Owl Ranch-Amargosa first appeared as a census designated place in the 2000 U.S. census. It was split into the Owl Ranch CDP and the Amargosa CDP prior to the 2010 U.S. census.

Historical population
| Census | Pop. | Note | %± |
| 2000 | 527 |  | — |
U.S. Decennial Census 1850–1900 1910 1920 1930 1940 1950 1960 1970 1980 1990 2000 2010

===2000 census===

Owl Ranch-Amargosa CDP, Texas – Racial and ethnic composition Note: the US Census treats Hispanic/Latino as an ethnic category.

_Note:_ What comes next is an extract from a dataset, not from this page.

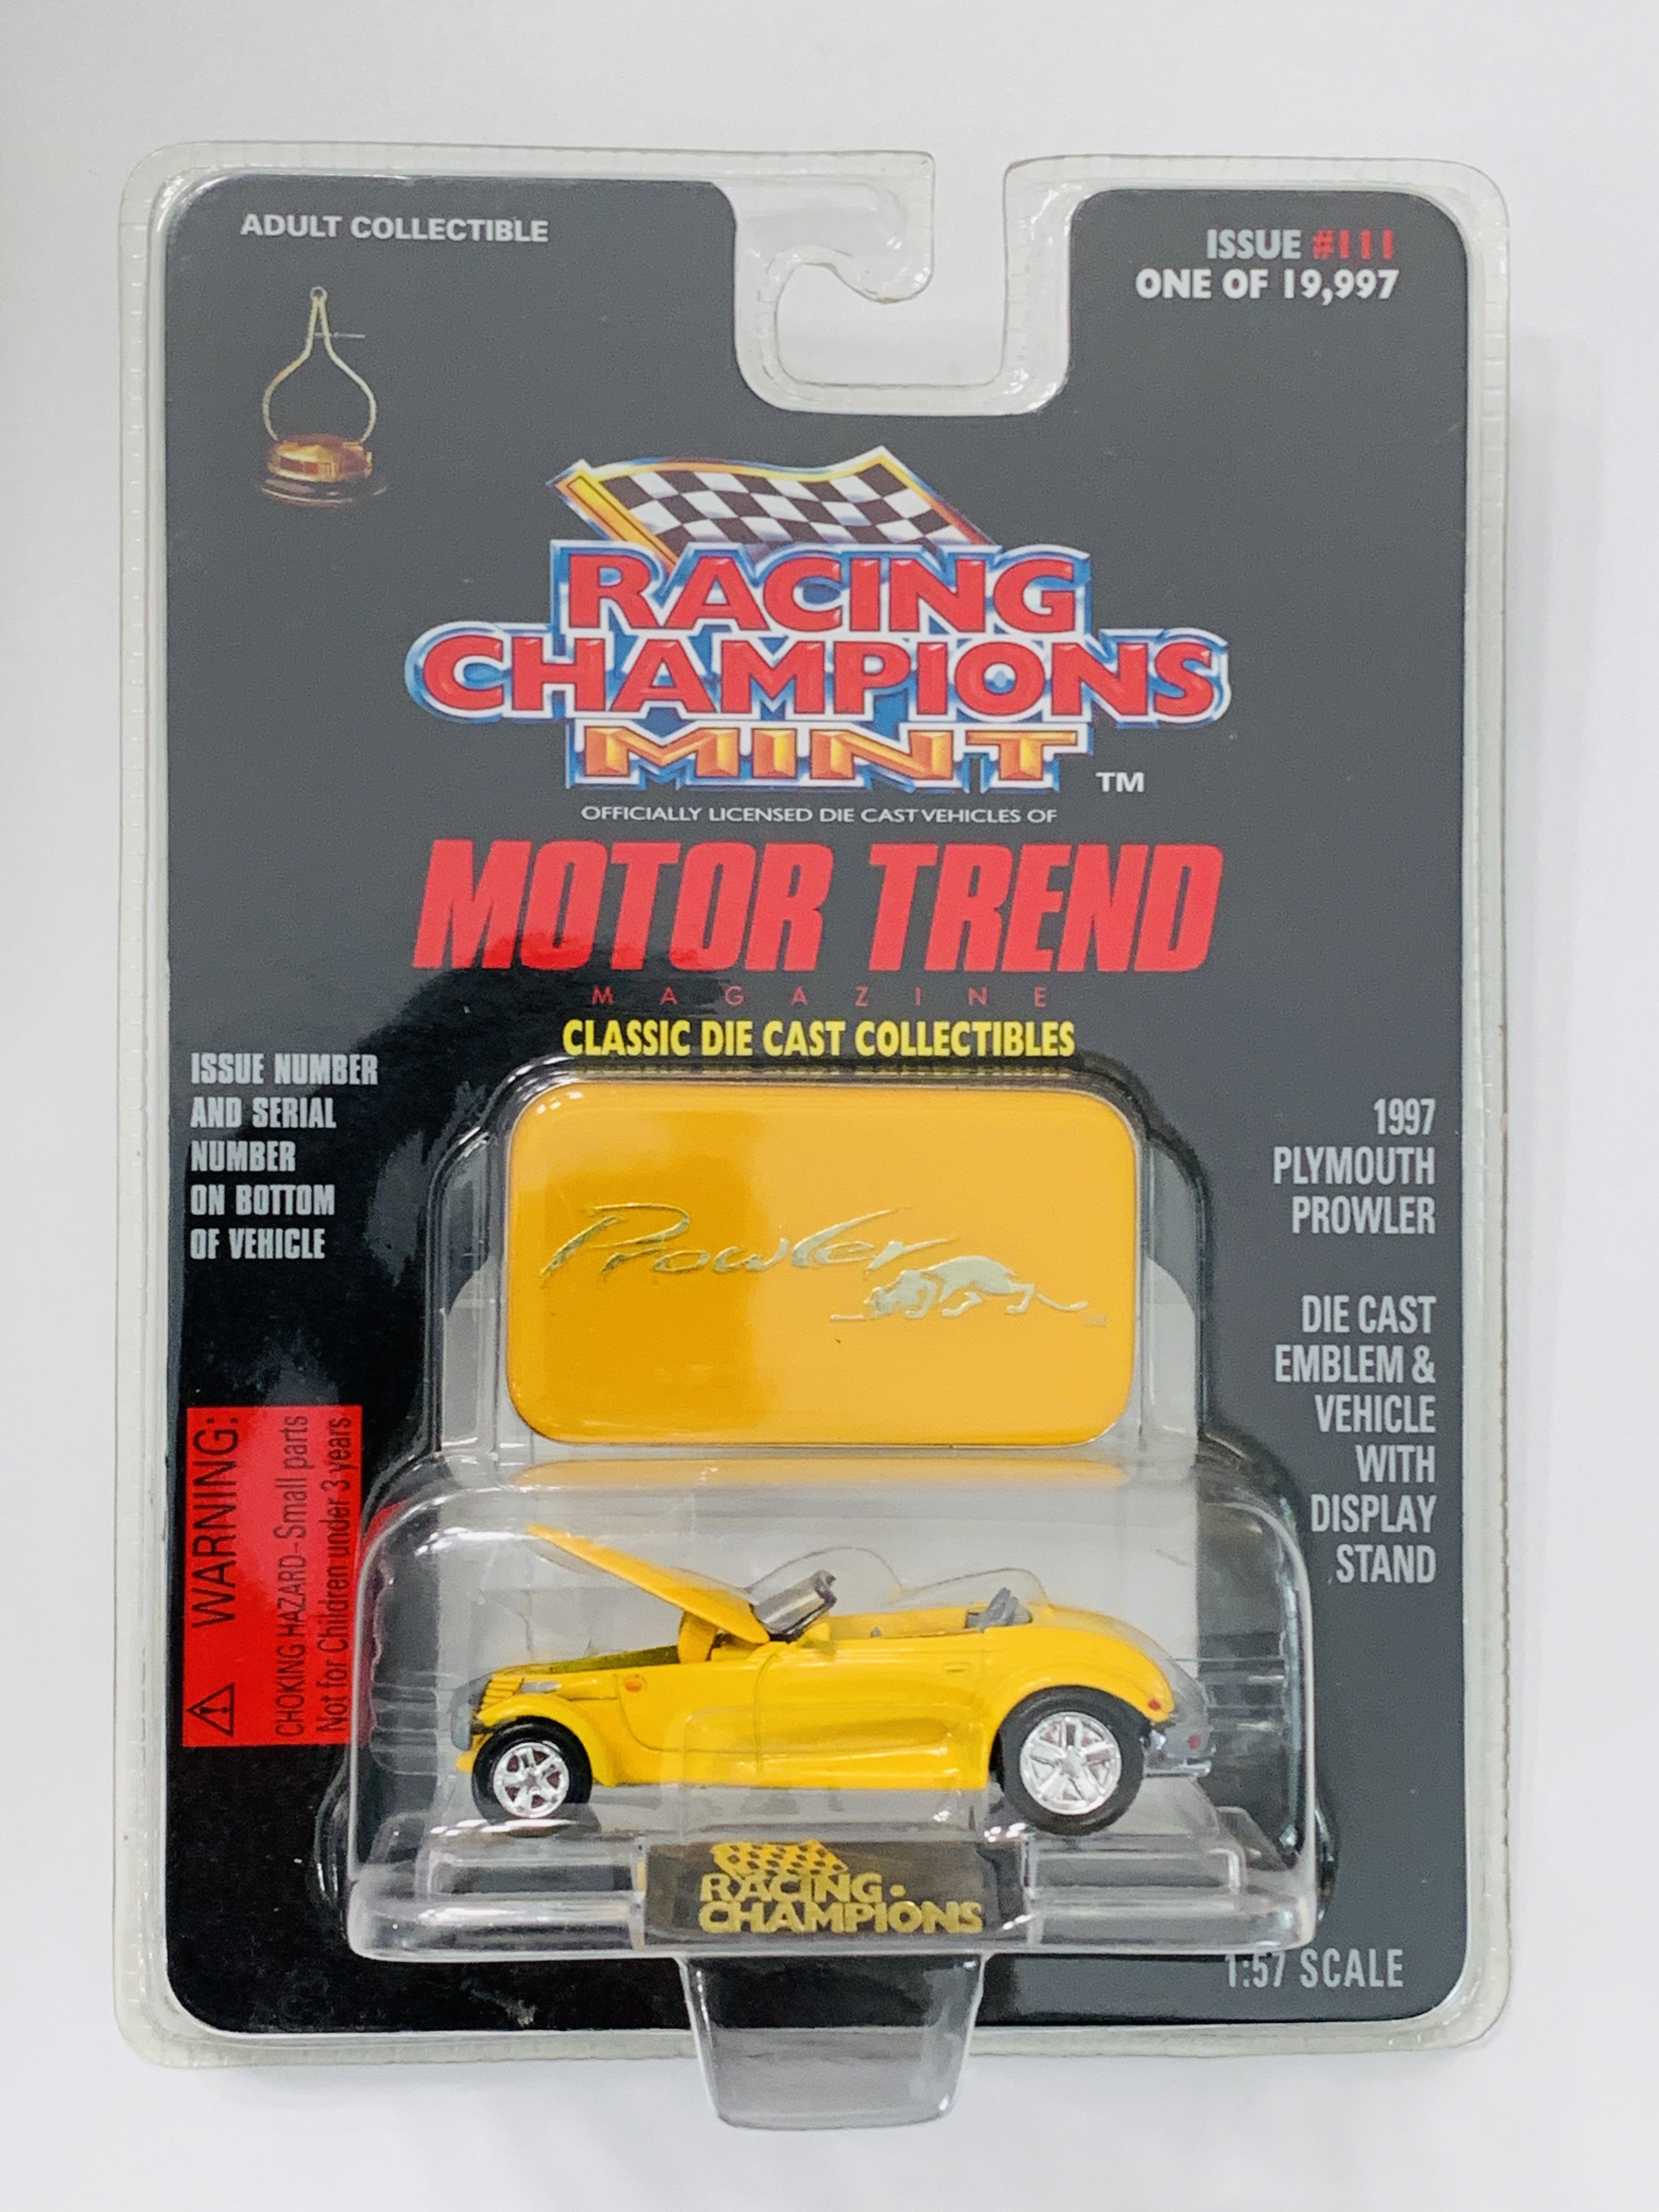 Racing Champions Mint Edition 1997 Plymouth Prowler - Yellow

This table excludes Latinos from the racial categories and assigns them to a separate category. Hispanics/Latinos may be of any race.
| Race / Ethnicity (NH = Non-Hispanic) | Pop 2000 | % 2000 |
|---|---|---|
| White alone (NH) | 30 | 5.69% |
| Black or African American alone (NH) | 0 | 0.00% |
| Native American or Alaska Native alone (NH) | 2 | 0.38% |
| Asian alone (NH) | 0 | 0.00% |
| Pacific Islander alone (NH) | 0 | 0.00% |
| Other race alone (NH) | 0 | 0.00% |
| Mixed race or Multiracial (NH) | 0 | 0.00% |
| Hispanic or Latino (any race) | 495 | 93.93% |
| Total | 527 | 100.00% |

As of the census of 2000, there were 527 people, 157 households, and 127 families residing in the CDP. The population density was 233.3 PD/sqmi. There were 206 housing units at an average density of 91.2 /sqmi. The racial makeup of the CDP was 78.56% White, 0.57% African American, 0.38% Native American, 18.22% from other races, and 2.28% from two or more races. Hispanic or Latino of any race were 93.93% of the population.

There were 157 households, out of which 44.6% had children under the age of 18 living with them, 56.1% were married couples living together, 17.8% had a female householder with no husband present, and 18.5% were non-families. 15.9% of all households were made up of individuals, and 3.8% had someone living alone who was 65 years of age or older. The average household size was 3.36 and the average family size was 3.74.

In the CDP, the population was spread out, with 38.3% under the age of 18, 9.1% from 18 to 24, 27.9% from 25 to 44, 16.3% from 45 to 64, and 8.3% who were 65 years of age or older. The median age was 27 years. For every 100 females, there were 104.3 males. For every 100 females age 18 and over, there were 104.4 males.

The median income for a household in the CDP was $16,875, and the median income for a family was $18,750. Males had a median income of $21,797 versus $12,647 for females. The per capita income for the CDP was $5,365. About 38.4% of families and 36.9% of the population were below the poverty line, including 35.4% of those under age 18 and 27.8% of those age 65 or over.

==Education==
Owl Ranch-Amargosa is served by the Alice Independent School District.